**How to complete this task:**
Go through the lines below and repeat each one exactly, skipping pictures.

**Provided material:**
•••
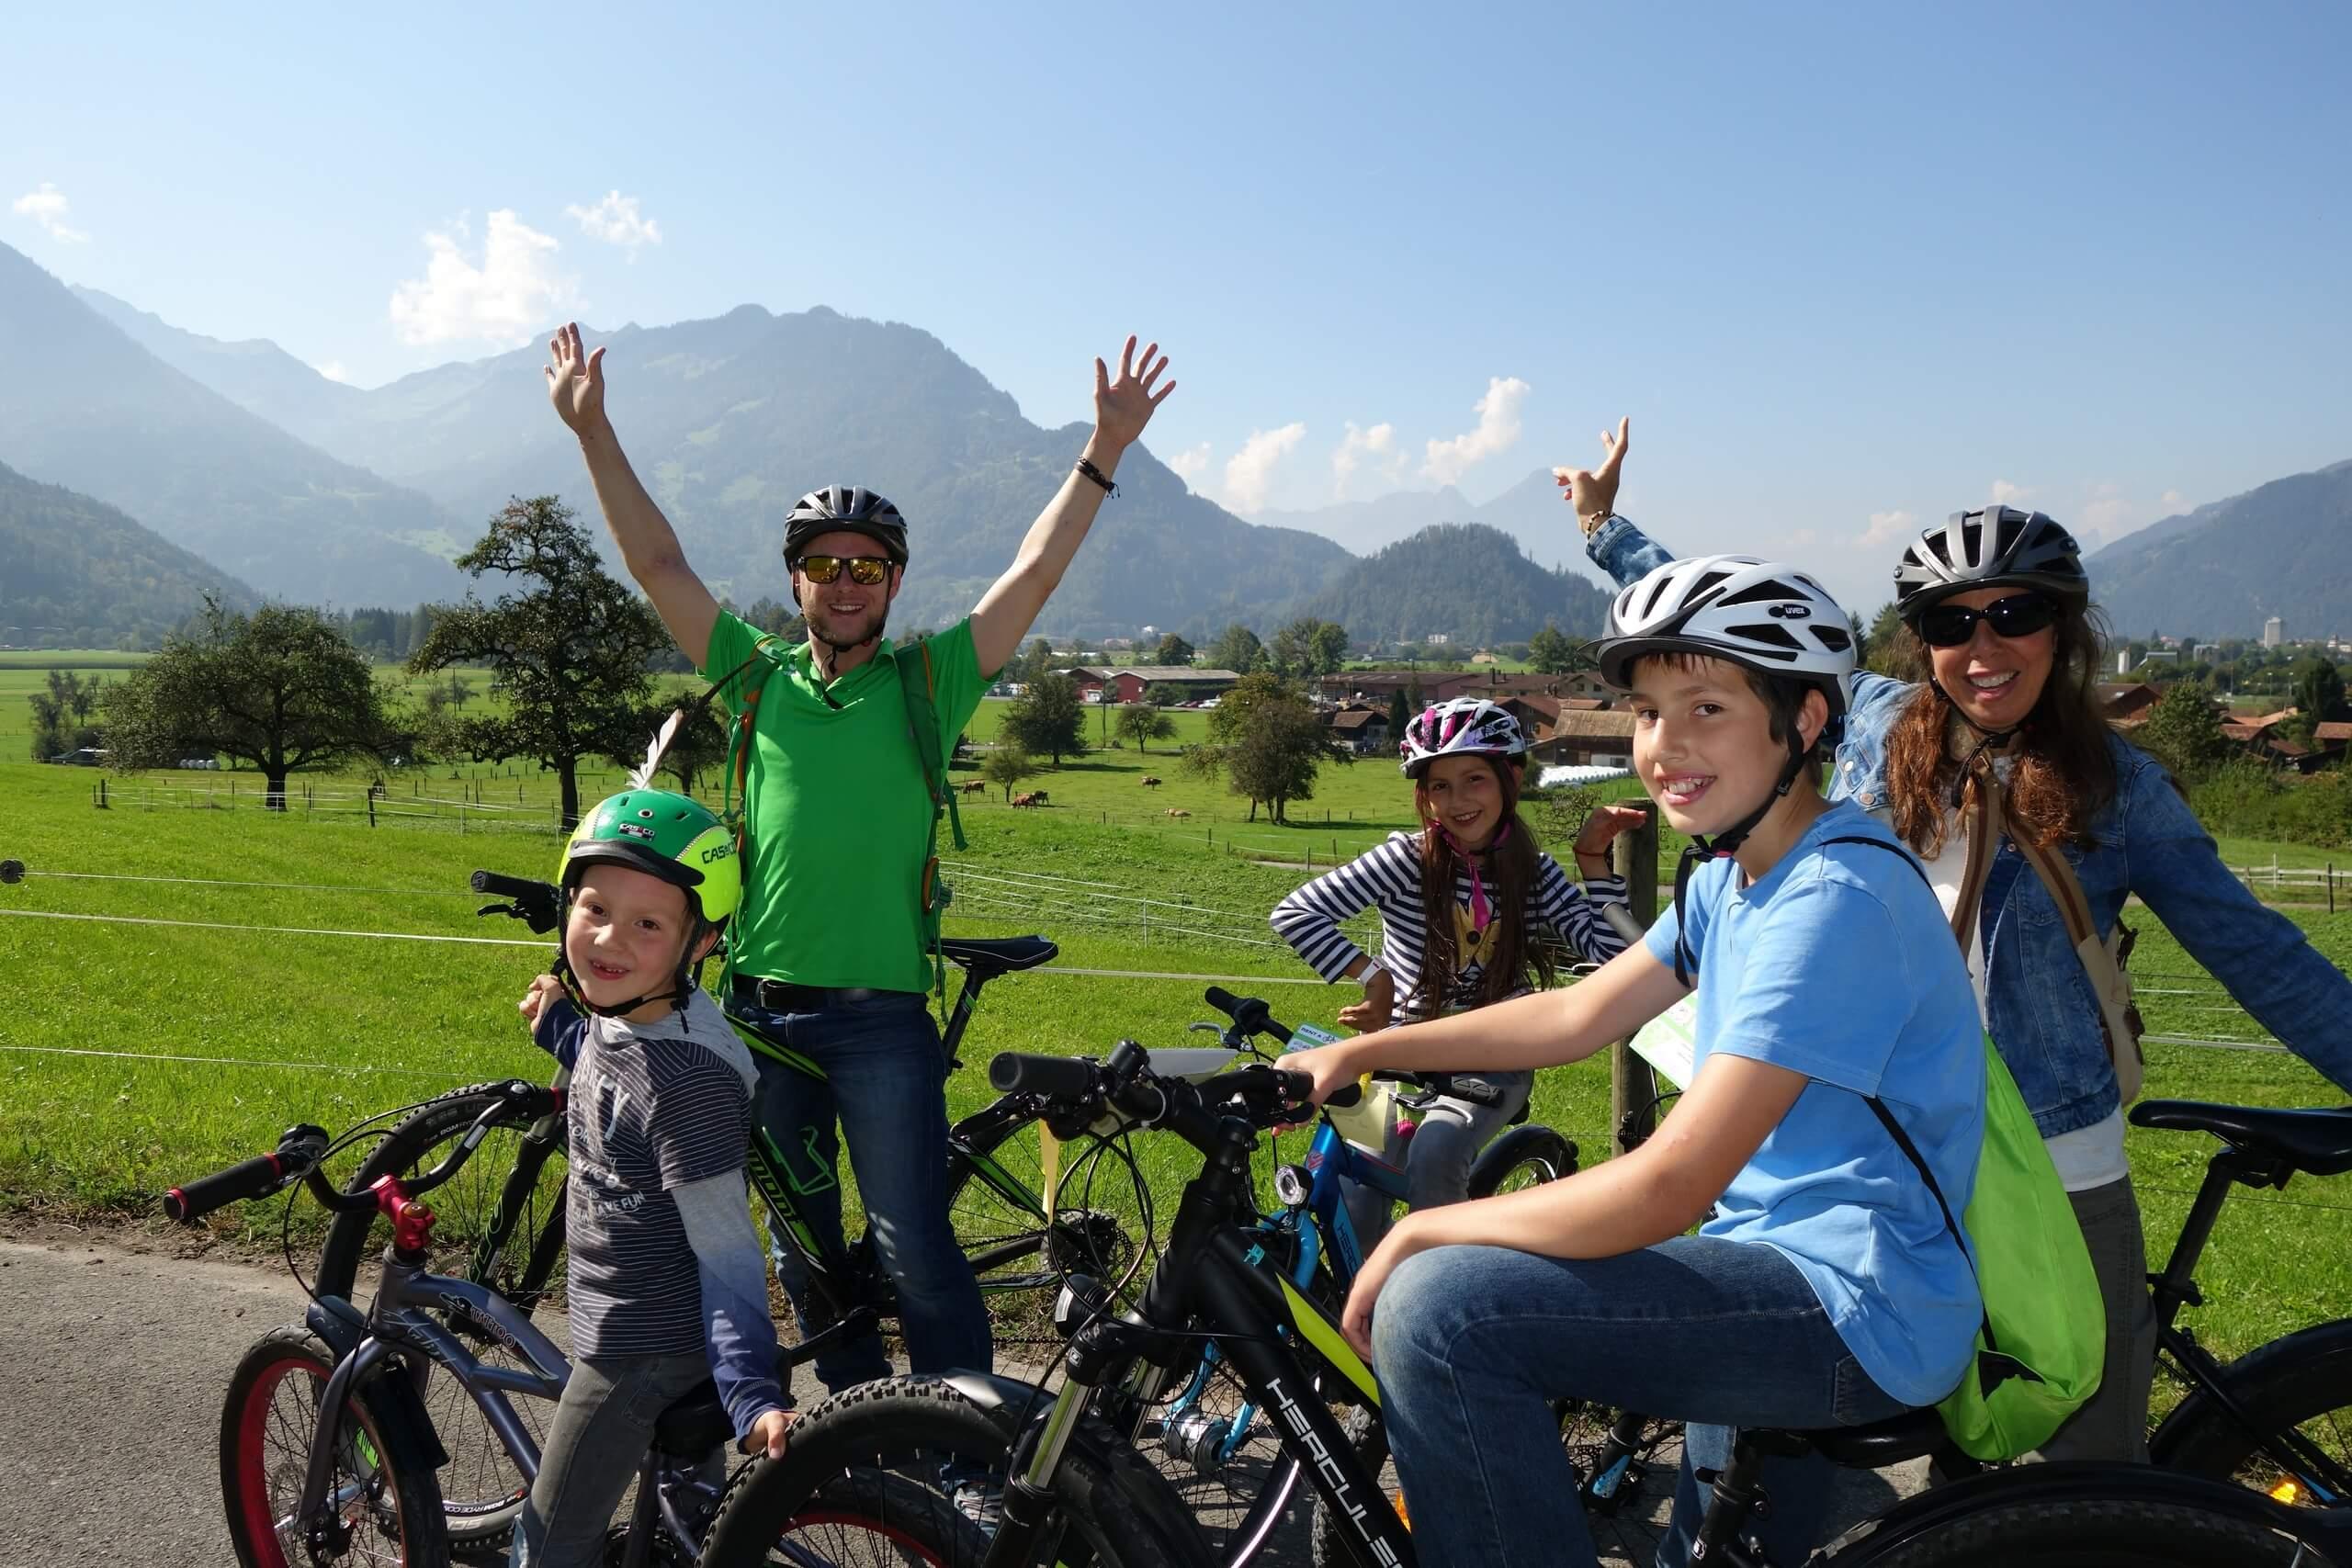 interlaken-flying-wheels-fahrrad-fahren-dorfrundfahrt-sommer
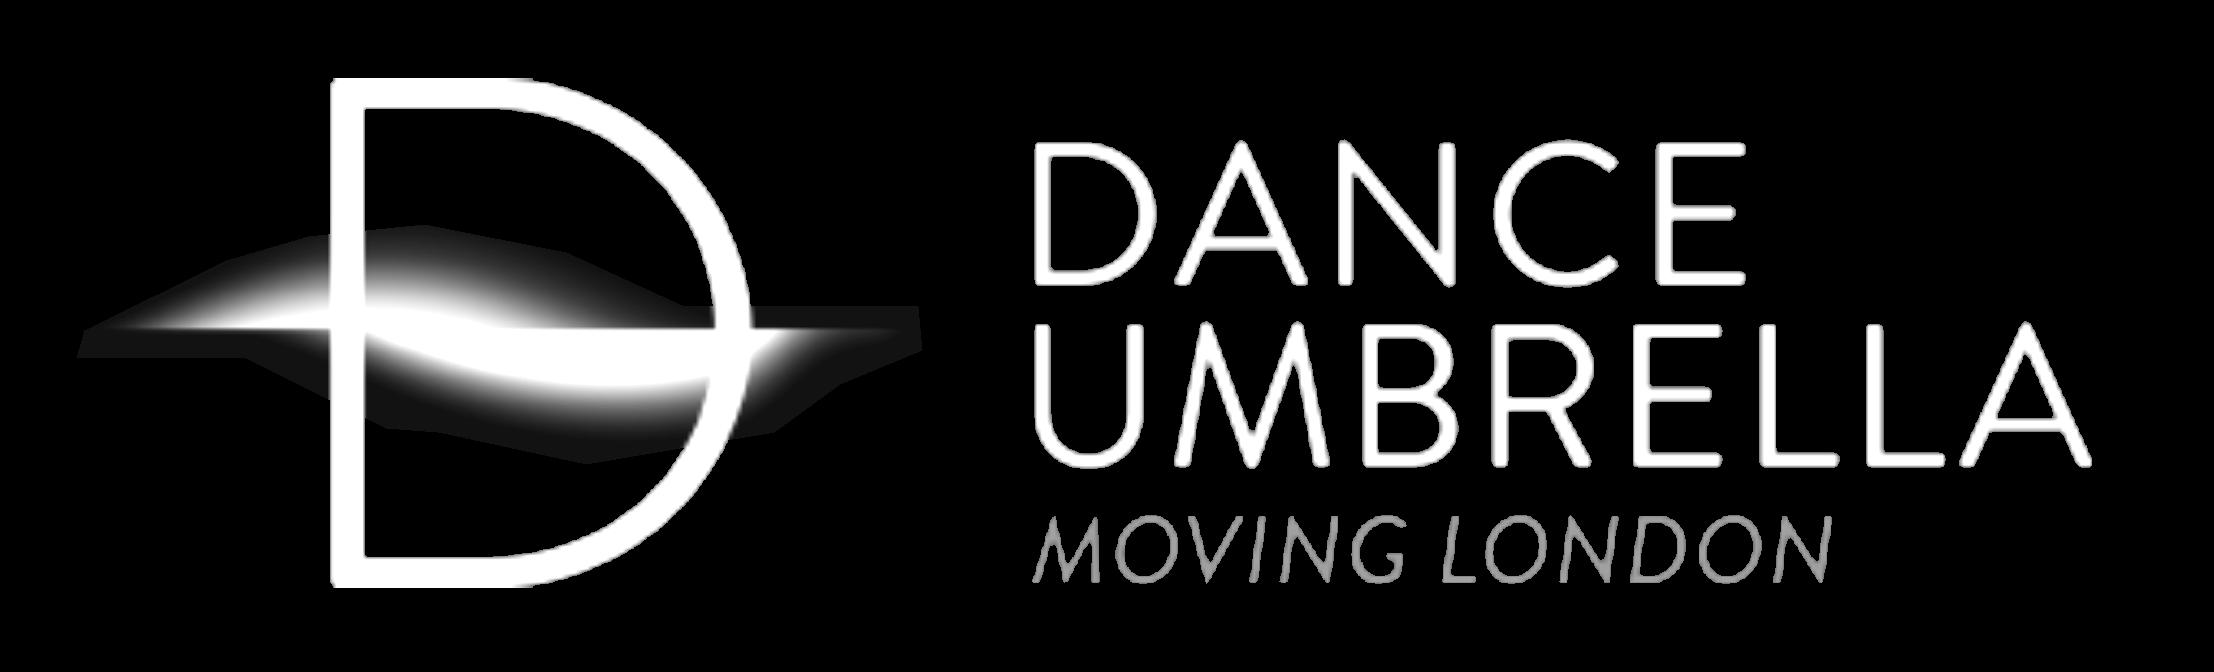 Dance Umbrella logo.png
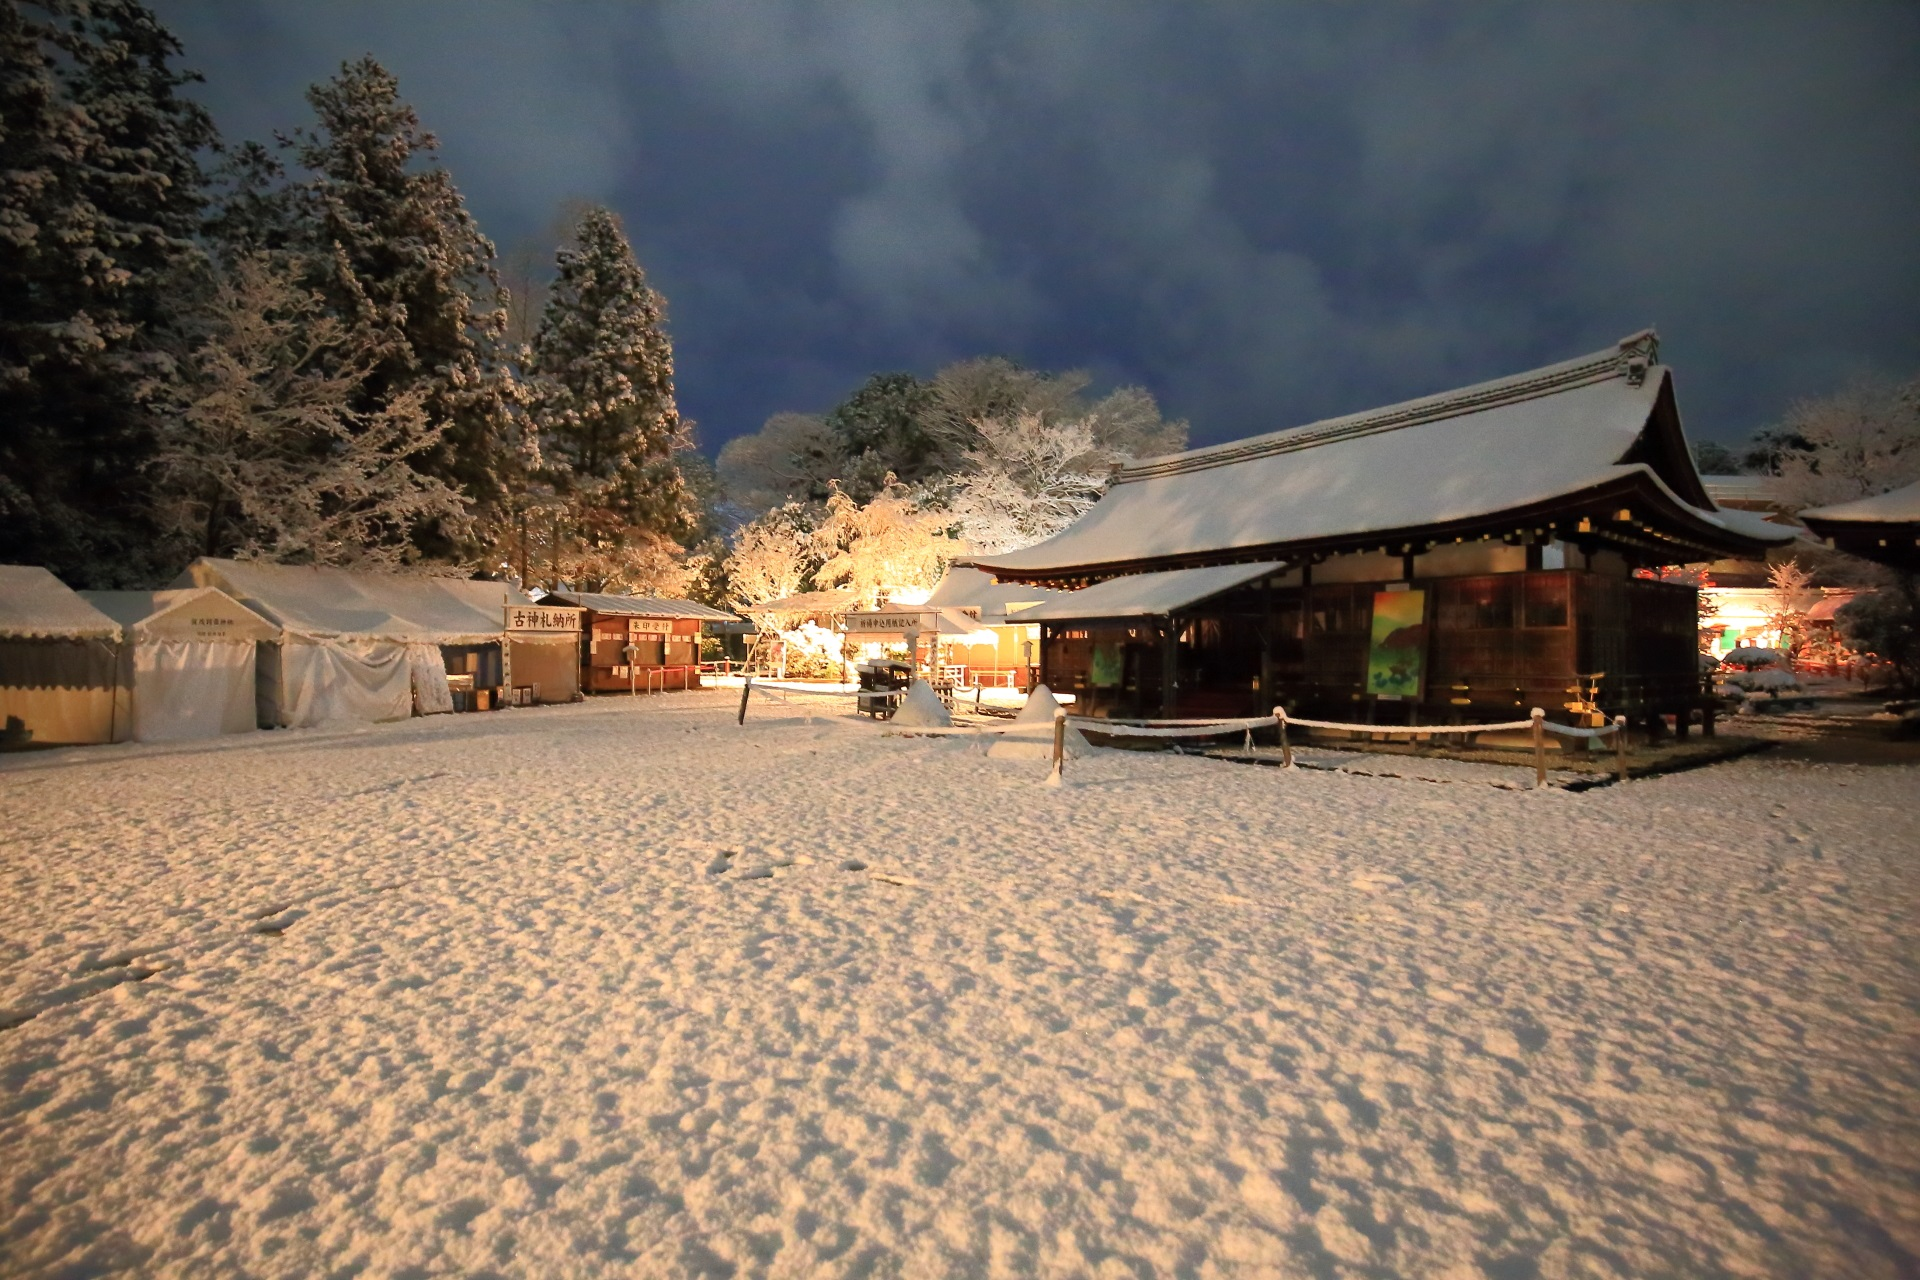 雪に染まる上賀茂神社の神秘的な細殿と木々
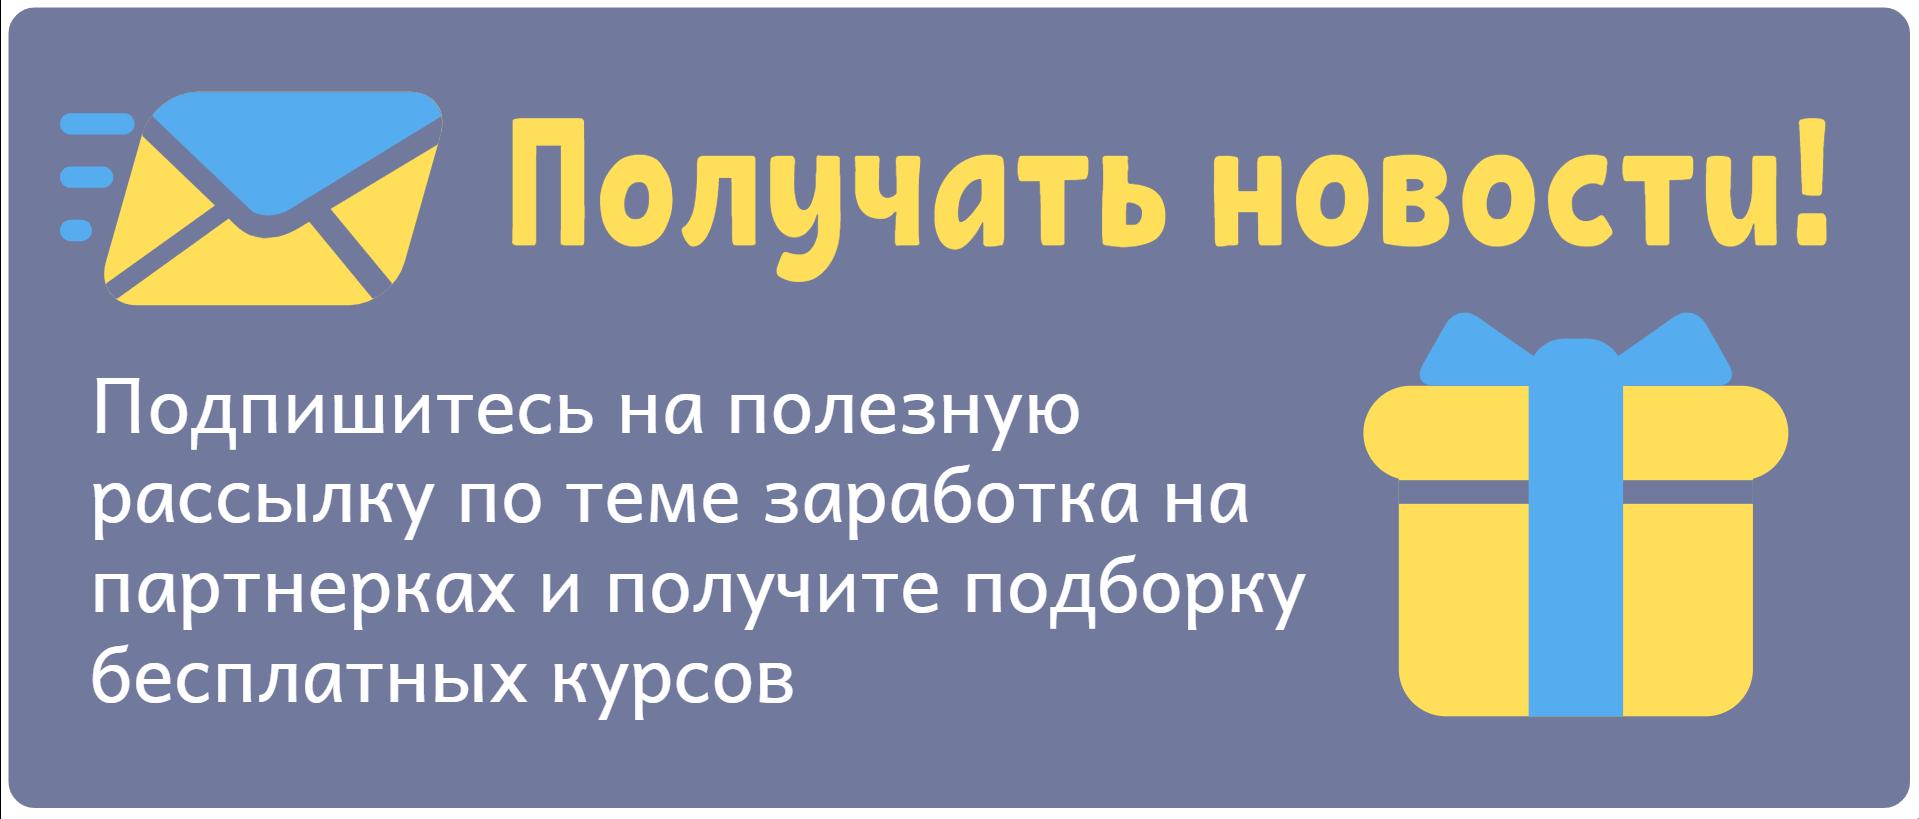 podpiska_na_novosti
•••
**Task response:**
 interlaken-flying-wheels-fahrrad-fahren-dorfrundfahrt-sommer
 Dance Umbrella logo.png
 雪に染まる上賀茂神社の神秘的な細殿と木々
 podpiska_na_novosti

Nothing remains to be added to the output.